What most of us don’t realize is that this culture of mandatory “passion” lowers our social status, because it encourages us to work unreasonably hard and irrespective of conditions. The fastest way to lose social status is to show acceptance of low social status. For example, programmers often make the mistake of overworking when understaffed, and this is a terrible idea. (“Those execs don’t believe in us, so let’s show them up by… working overtime on something they own!”) To do this validates the low status of the group that allows it to be understaffed.

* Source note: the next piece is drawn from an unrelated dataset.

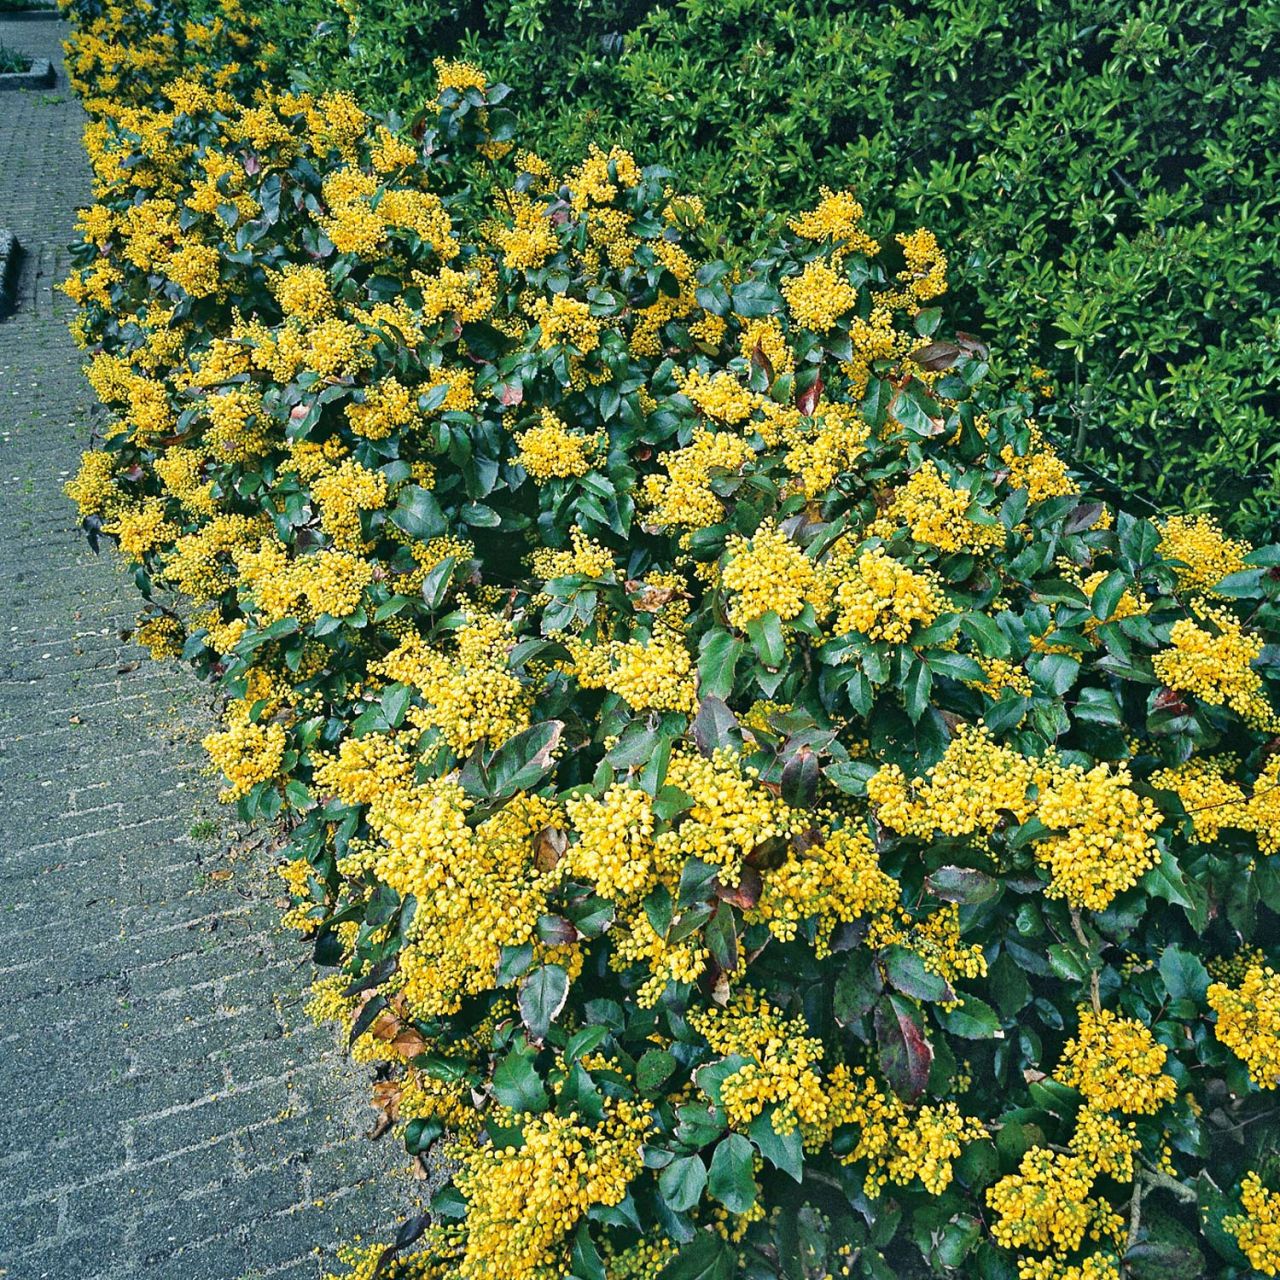  Immergrüne Mahonie - Mahonia aquifolium

Executives, a more savvy sort, lose passion when denied the advancement or consideration they feel they deserve. They’re not obnoxious about this attitude, but they don’t try to cover it up, either. They’re not going to give a real effort to a project or company that acts against their own interests or lowers their own social status. They won’t negotiate against themselves by being “passionate”, either. They want to be seen as supremely competent, but not sacrificial. That’s the difference between them and us. Executives are out for themselves and relatively open about the fact. Programmers, on the other hand, heroize some of the stupidest forms of self-sacrifice: the person who delivers a project (sacrificing weekends) anyway, after it was cancelled; or the person who moves to San Francisco without relocation because he “really believes in” a product that he can’t even describe coherently, and that he’ll end up owning 0.05% of.

What executives understand, almost intuitively, is reciprocity. They give favors to earn favors, but avoid self-sacrifice. They won’t fall into “love of the craft” delusions when “the craft” doesn’t love them back. They’re not afraid to “get political”, because they realize that work is mostly politics. The only people who can afford to be apolitical or “above the fray”, after all, are the solid political winners. But until one is in that camp, one simply cannot afford to take that delusion on.

If programmers want to be taken seriously, and we should be taken seriously and we certainly should want this, we’re going to have to take stock of our compromised position and fix it, even if that’s “getting political”. We’re going to have to stop glorifying pointless self-sacrifice for what is ultimately someone else’s business transaction, and start asserting ourselves and our values.